Компания подобралась что надо: мы все были Моррисонами, ребятами с манией величия и комплексом неполноценности. Объяснять, что такое «Waiting for the Sun», не надо было: советские все были дети, неформалы чертовы.
Сочиняли этюдами — ну были обстоятельства, ну были точки в драматургии сцены, но это кого уже сейчас волнует? Это не дель арте, а пьеса, сделанная с актерами, где для них остается возможность быть свободными в какой-то части реплик. Думаете, это и есть свобода? Какая-то часть реплик? Нет. Созданное свободно и выглядит свободно. Повторить это как технологию — а зачем? Всякий раз нужно искать свою технологию, к таким-то актерам, такому-то материалу. Пару сцен из своей жизни я написала сразу: Джоплин ведет жениха Джей Пи к своей маме, Ольге Ивановне. То есть к моей маме. Или Моррисон знакомится с Памелой посредством поэта Блейка — тоже личное. Но тут все такое личное, что оно же и общественное.
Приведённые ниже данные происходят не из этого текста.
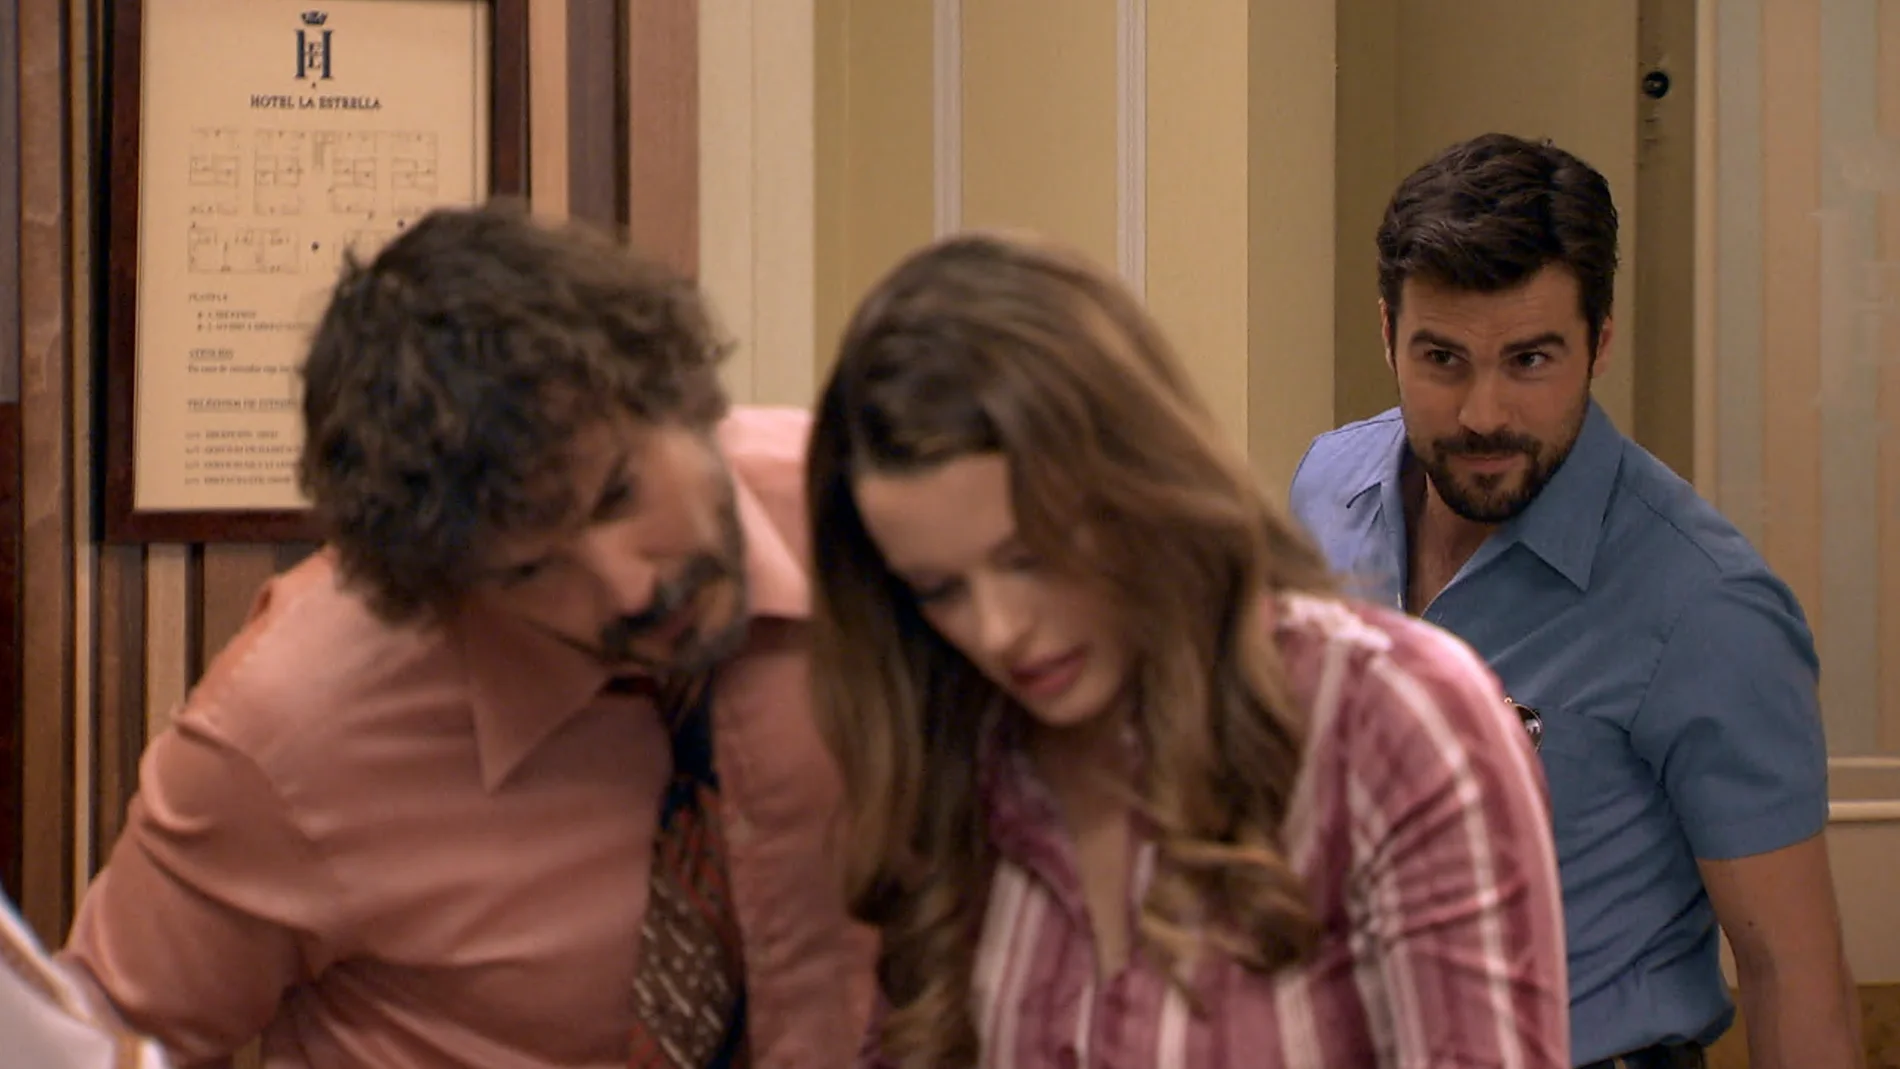 Lourdes y Guillermo aparecen en el hotel en busca y captura de la identidad falsa

Этот факт и есть самый важный — это актерам настолько принадлежало, что они могли бы и убить за этот спектакль. Он был и есть — их. Наш.
Документальность — это то же самое, что и художественность: живое чувство правды, и, для того чтобы монологи-исповеди актеров о своей жизни, травмах, боли, любви, неудачной карьере, одиночестве прозвучали, пришлось городить огород из инопланетян, пляжей Лос-Анджелеса и караоке культовых песен.
Документальность, помноженная на театральность, — вот что было задачей этого эксперимента. Если это может стать трендом в России, я буду счастлива, но пока не стало. Возможность бдительнее и одновременно свободнее относиться к реальности — и видеть в театре место не только для чтения документа, исследования, доклада, нравственной проповеди, просвещения — а и для игры. Театрального чуда. В этом смысле «Зажги мой огонь» — завиральная, фантазийная, самая что ни на есть вымышленная правда. Если отечественный театр воспринял эту прививку и стал работать с вербатимом и контемпорари, вербатимом и художниками, вербатимом и мультимедиа, и если со временем она превратится в тренд — то не буквально, а как свобода в обращении с документальной технологией. Или просто — как свобода».
Этот факт и есть самый важный — это актерам настолько принадлежало, что они могли бы и убить за этот спектакль. Он был и есть — их. Наш.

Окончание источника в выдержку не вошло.